„Wer motiviert ist, kommt auch mal ohne Schlaf zurecht“: Christoph Gröner gibt Einblick in seine Welt als einer der größten Bauunternehmer Deutschlands

Aufhören zu arbeiten kommt für den 55-Jährigen nicht infrage: „Ich habe nicht mal ein Viertel von dem erreicht, was ich will.“ - Copyright: Lisa Kempke für Business Insider
Aufhören zu arbeiten kommt für den 55-Jährigen nicht infrage: „Ich habe nicht mal ein Viertel von dem erreicht, was ich will.“ - Copyright: Lisa Kempke für Business Insider

Früher trug er Zement auf seinem Rücken, heute ist er einer der größten Bauunternehmer in Deutschland: Christoph Gröner, CEO der Gröner Group. Der 55-Jährige baut mit seiner Firma Wohnungen, Hochhäuser und ganze Quartiere. Business Insider traf den Baulöwen zu einem Interview.

Business Insider: Sie haben mal erzählt, dass Sie 20 Stunden am Tag arbeiten. Da bleiben nur vier Stunden Schlaf. Wie schafft man das?

Christoph Gröner: „Wenn Sie motiviert sind, kommen Sie auch mal ohne Schlaf zurecht. Drei, vier Stunden Schlaf sind dann eben an der Tagesordnung. Ich hole es dann am Wochenende nach.“

BI: Machen Sie auch Urlaub?

Gröner: „Ja, ich mache Urlaub. Aber Urlaub eines Unternehmers sieht anders aus, als man sich es im Allgemeinen so vorstellt. Wenn die Kinder zu Bett gegangen sind, dann wird noch mal der Laptop aufgeklappt. Es werden drei, vier Stunden E-Mails beantwortet, Telefonate geführt – auch gerne mal in die Nacht. Unternehmer sind Sie 24 Stunden, sieben Tage die Woche, 365 Tage im Jahr.“

BI: Muss man so arbeiten, um erfolgreich zu sein?

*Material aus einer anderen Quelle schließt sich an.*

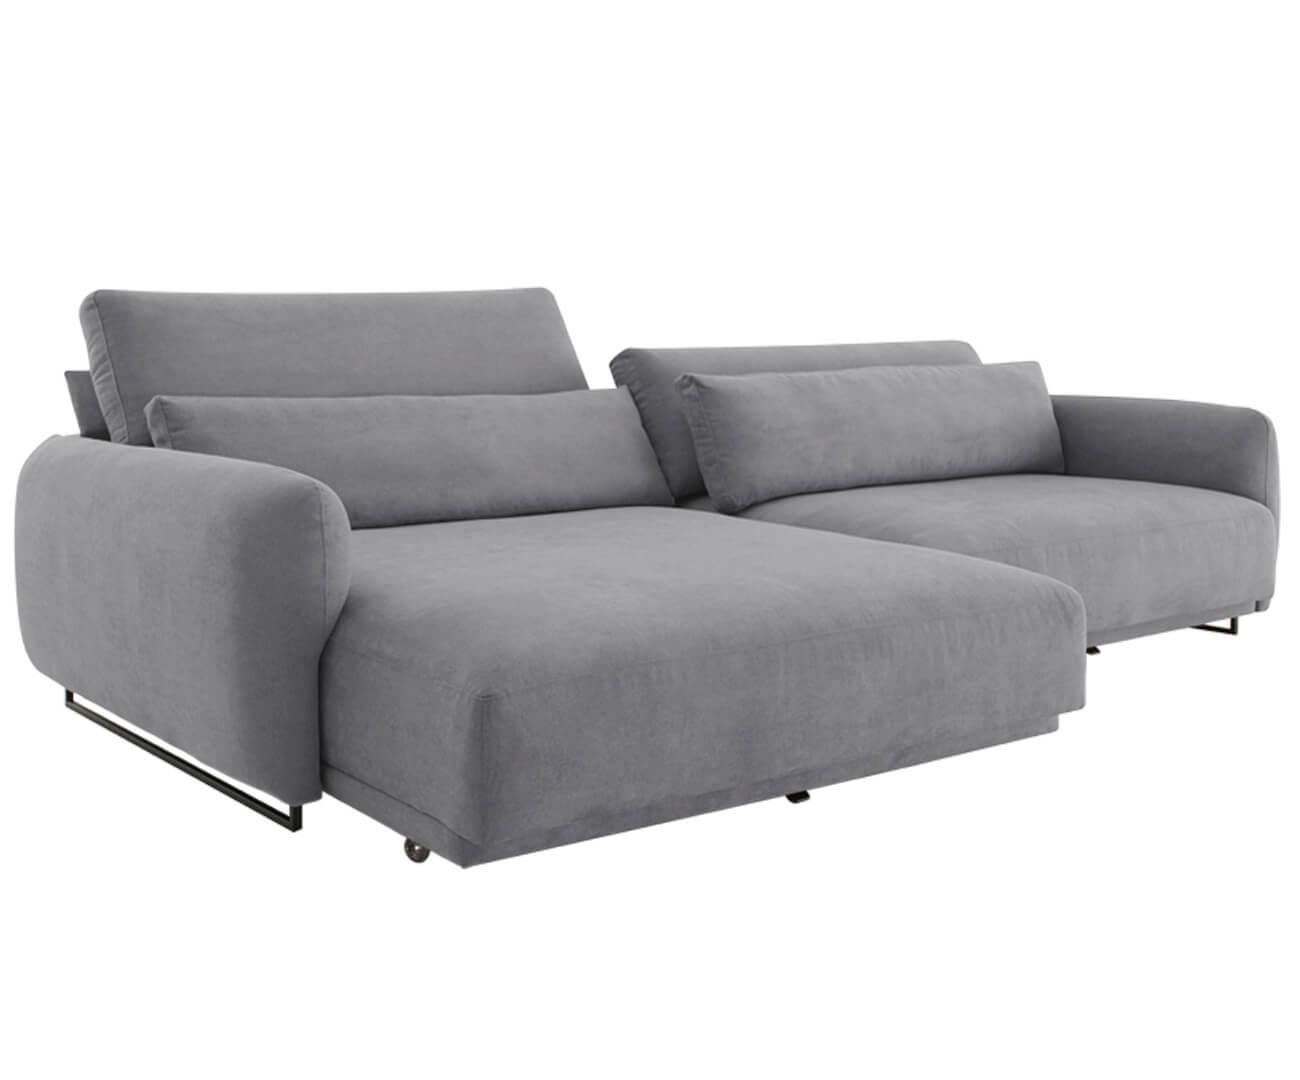 sofá retrátil em molas 4 lugares upper 1383

Gröner: „Nein. Ich glaube, es gibt viele Möglichkeiten, erfolgreich zu sein. Es gibt Menschen, die bessere und einfachere Konzepte haben und mit weniger Arbeit viel erfolgreicher geworden sind, als ich es bin. Bei mir hat Erfolg viel mit Zähigkeit, Durchhaltekraft und Fleiß zu tun. Und viel Glück, sonst kommt man da nicht hin, wo ich heute bin.“

BI: Wie wichtig ist eine gesunde Work-Life-Balance?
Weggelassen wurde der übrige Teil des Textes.